#### RECORD EXCERPTS

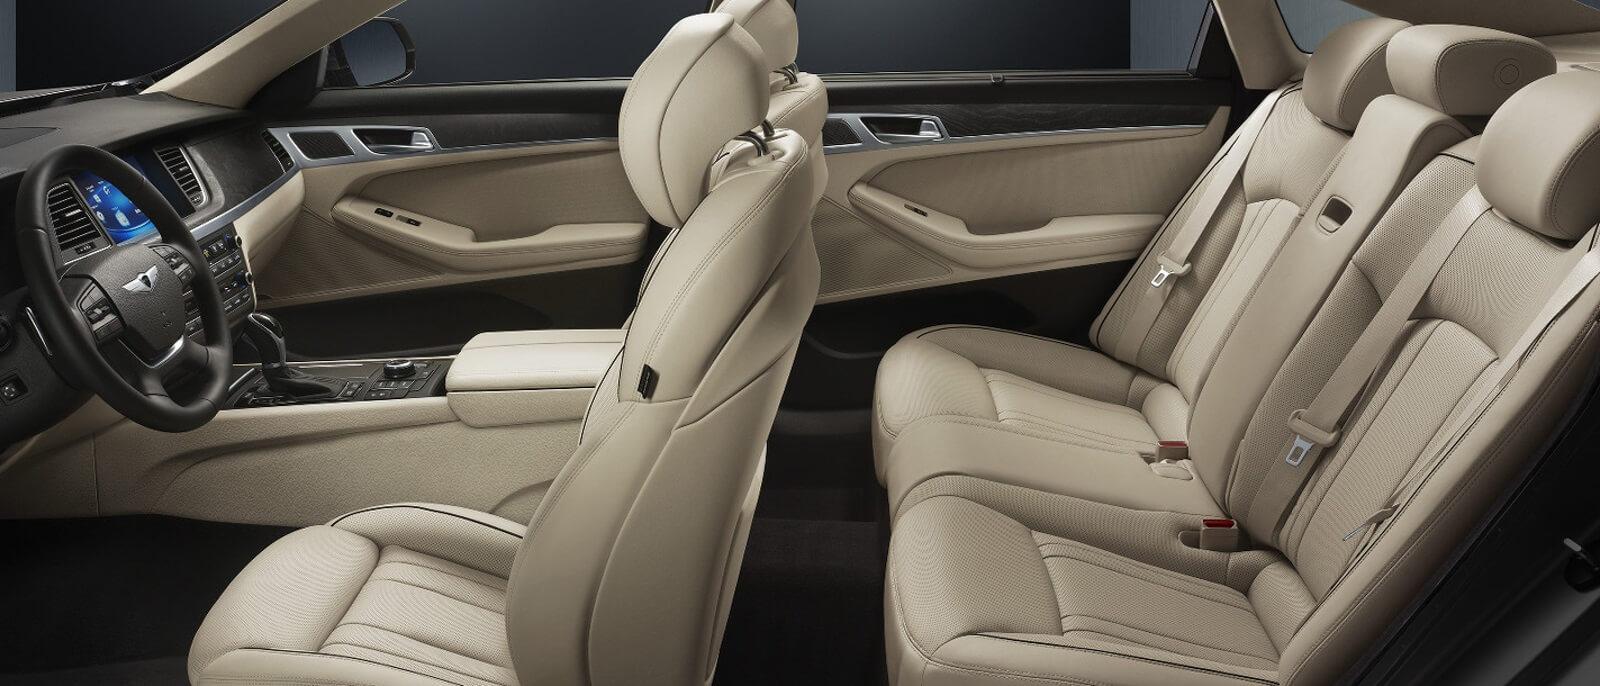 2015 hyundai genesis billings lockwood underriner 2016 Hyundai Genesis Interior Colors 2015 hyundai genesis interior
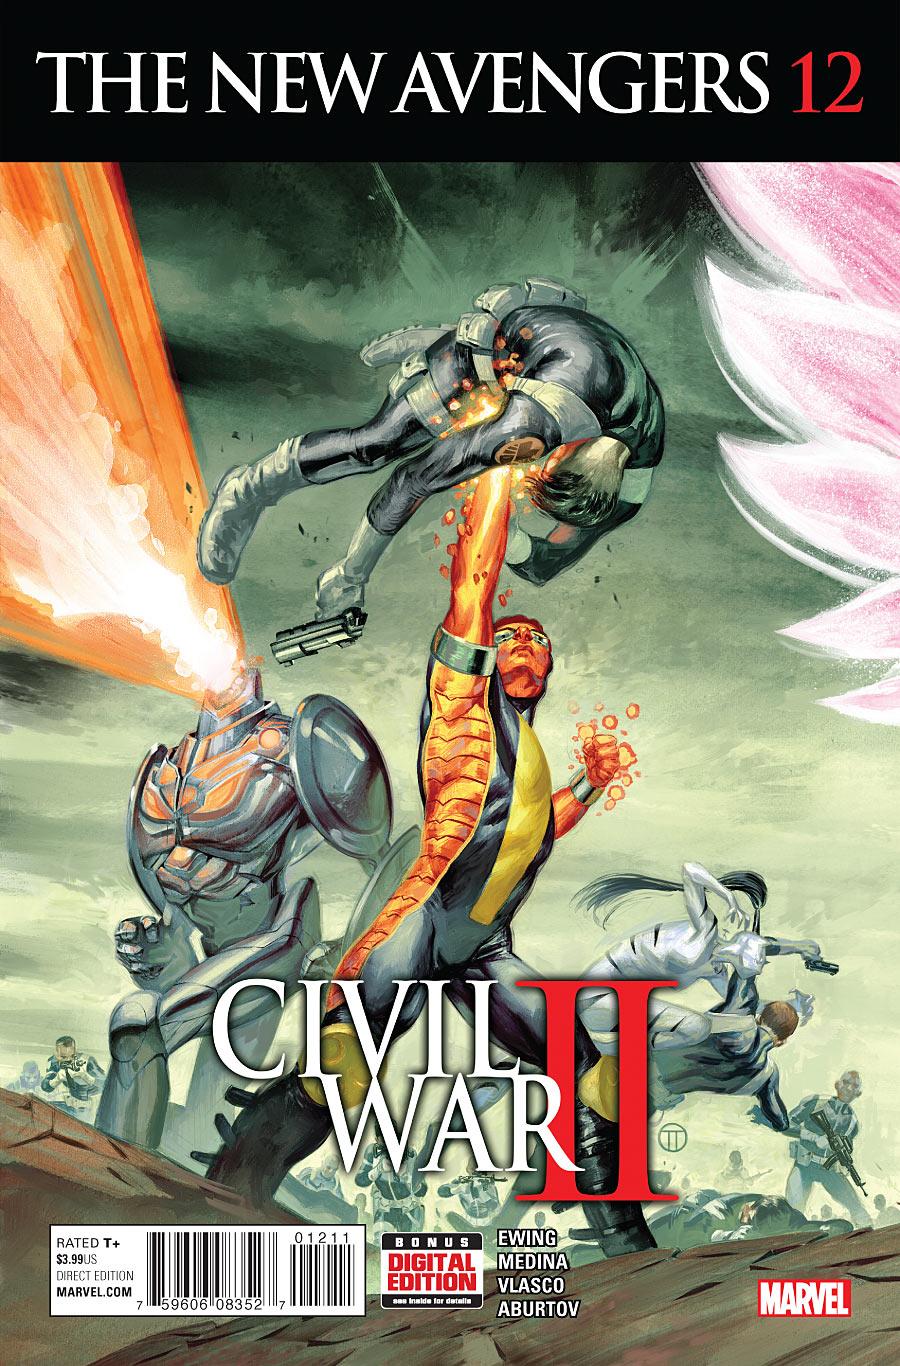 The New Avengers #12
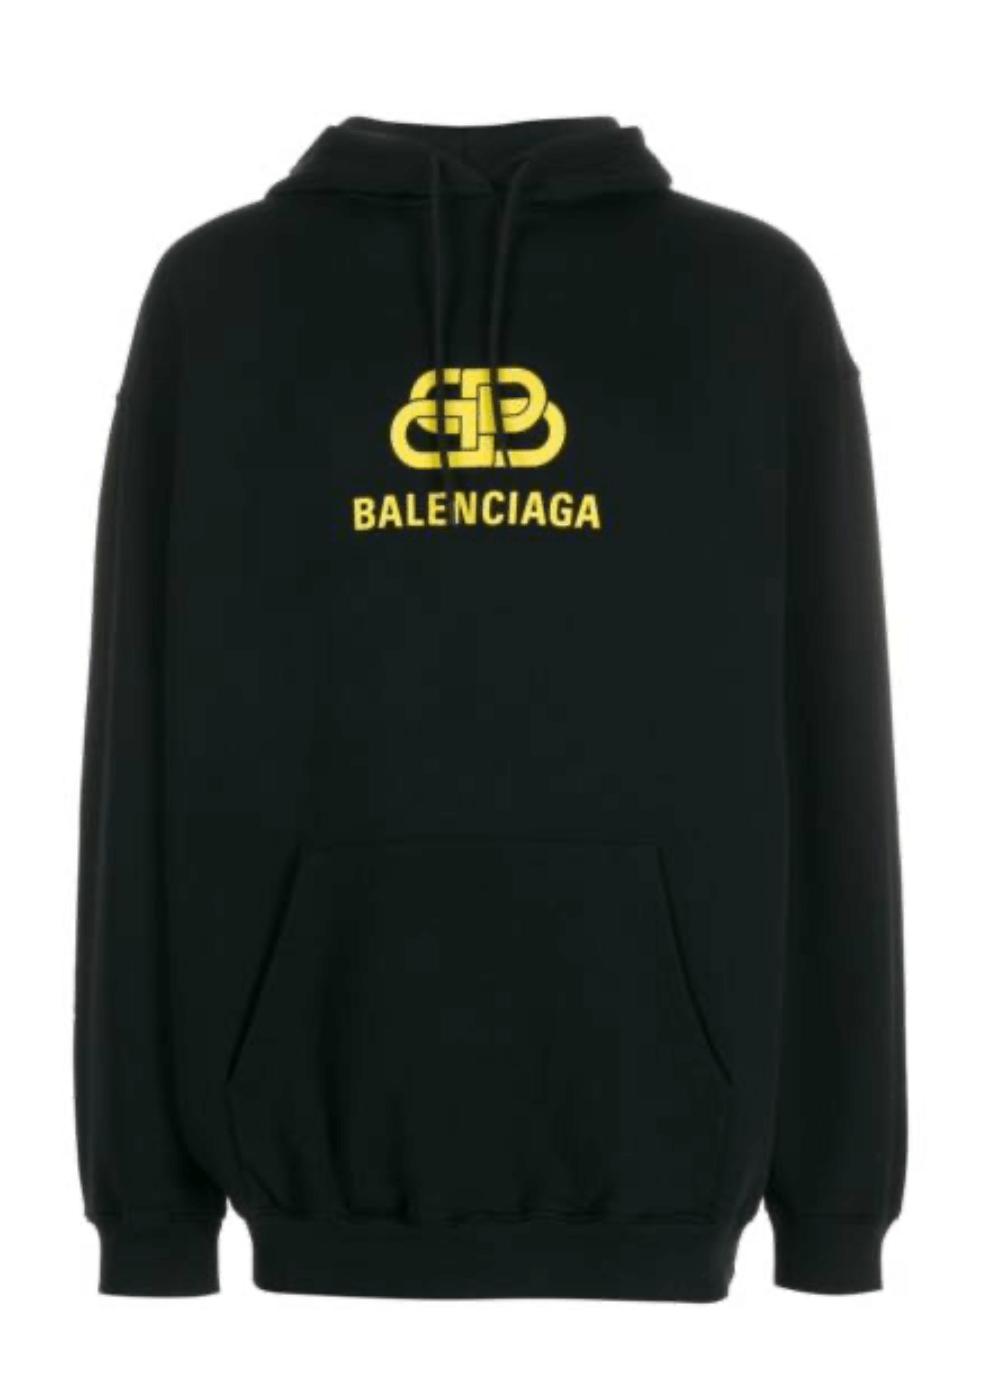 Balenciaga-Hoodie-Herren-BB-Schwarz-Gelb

########
#### RECORD EXCERPTS

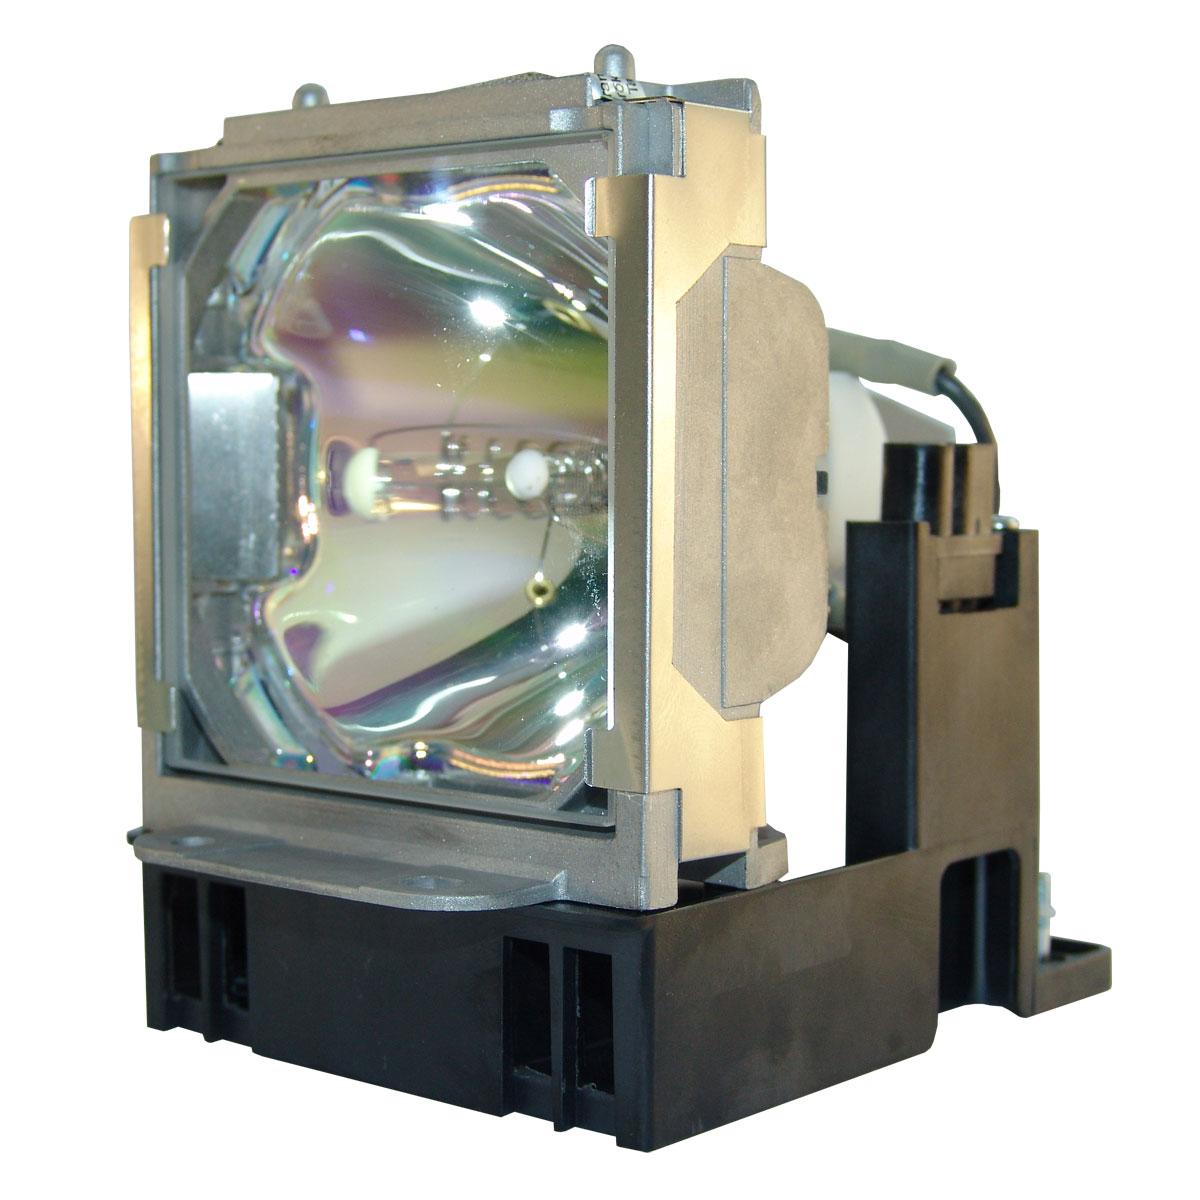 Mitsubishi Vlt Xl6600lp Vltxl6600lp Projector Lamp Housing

########
#### RECORD EXCERPTS

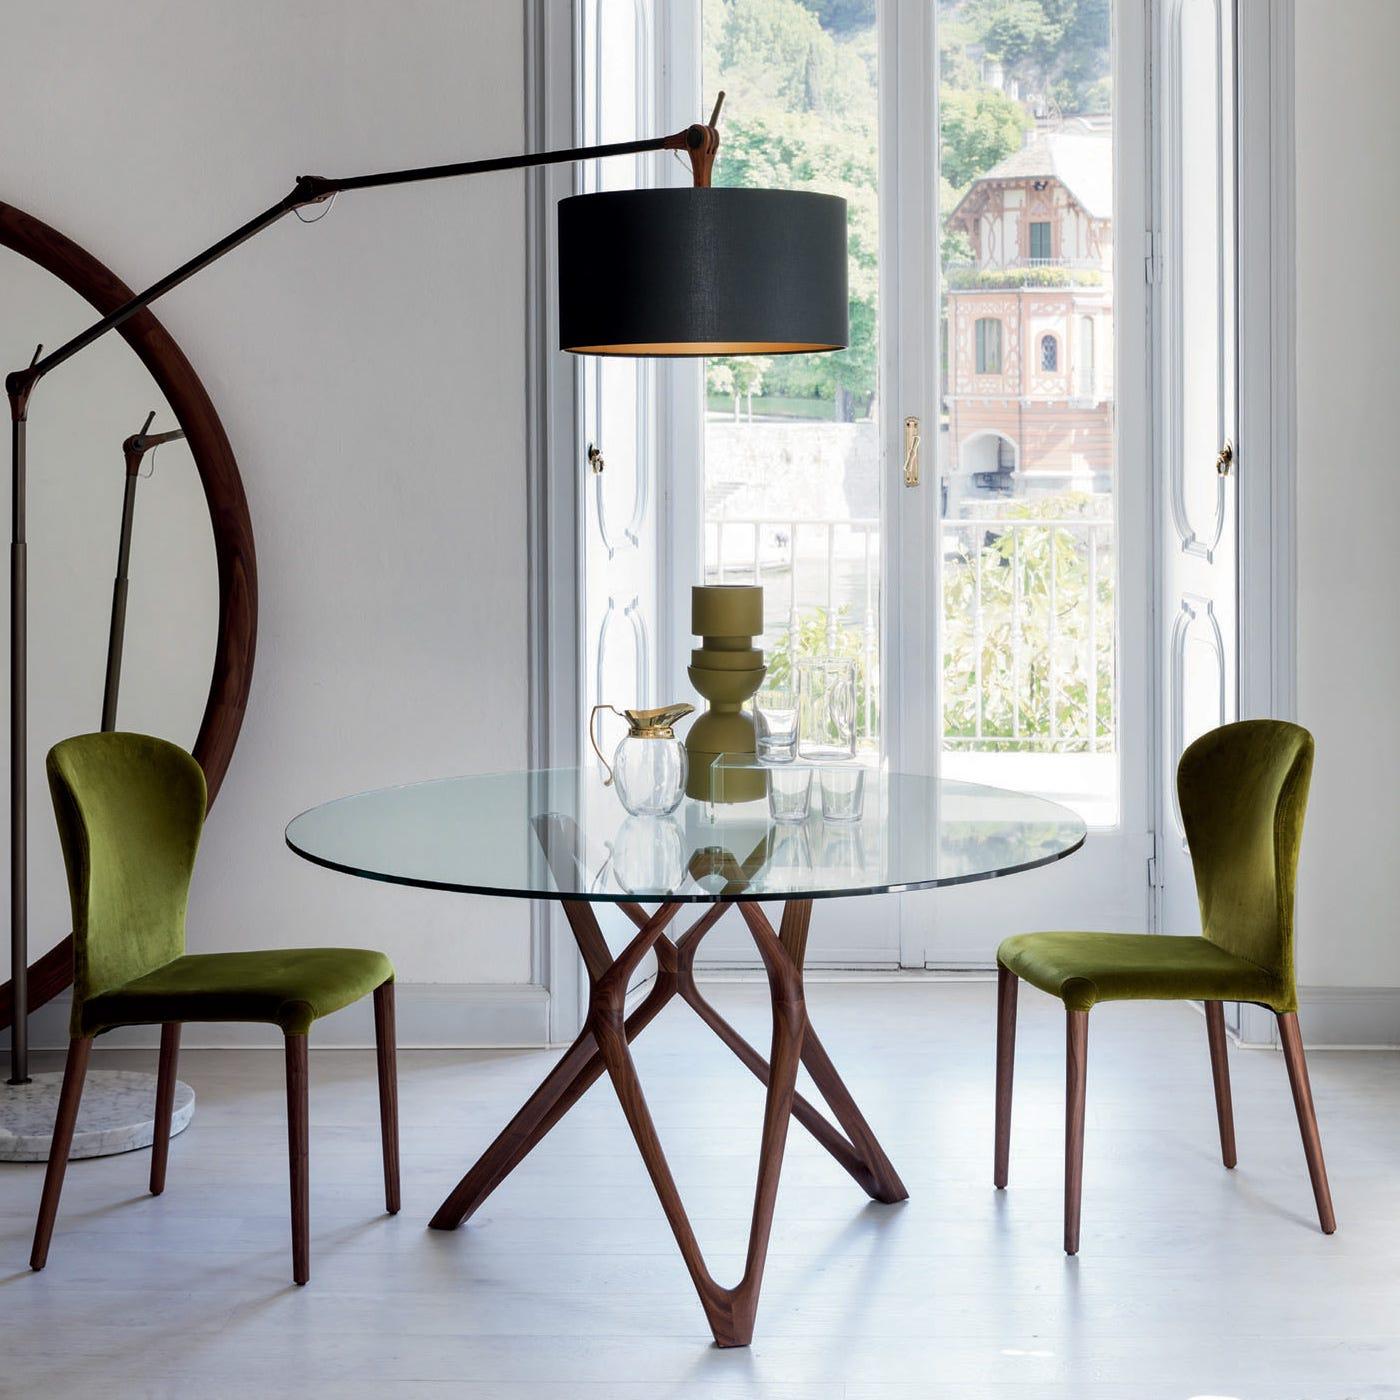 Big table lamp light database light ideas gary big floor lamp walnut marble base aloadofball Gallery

########

Up in the listing, locate the line with "2015 hyundai genesis billings"; print it and every line after it down to the line with "Balenciaga-Hoodie-Herren-BB-Schwarz-Gelb", which is included too. Skip the pictures.

» WRITTEN ANSWER:
 2015 hyundai genesis billings lockwood underriner 2016 Hyundai Genesis Interior Colors 2015 hyundai genesis interior
 The New Avengers #12
 Balenciaga-Hoodie-Herren-BB-Schwarz-Gelb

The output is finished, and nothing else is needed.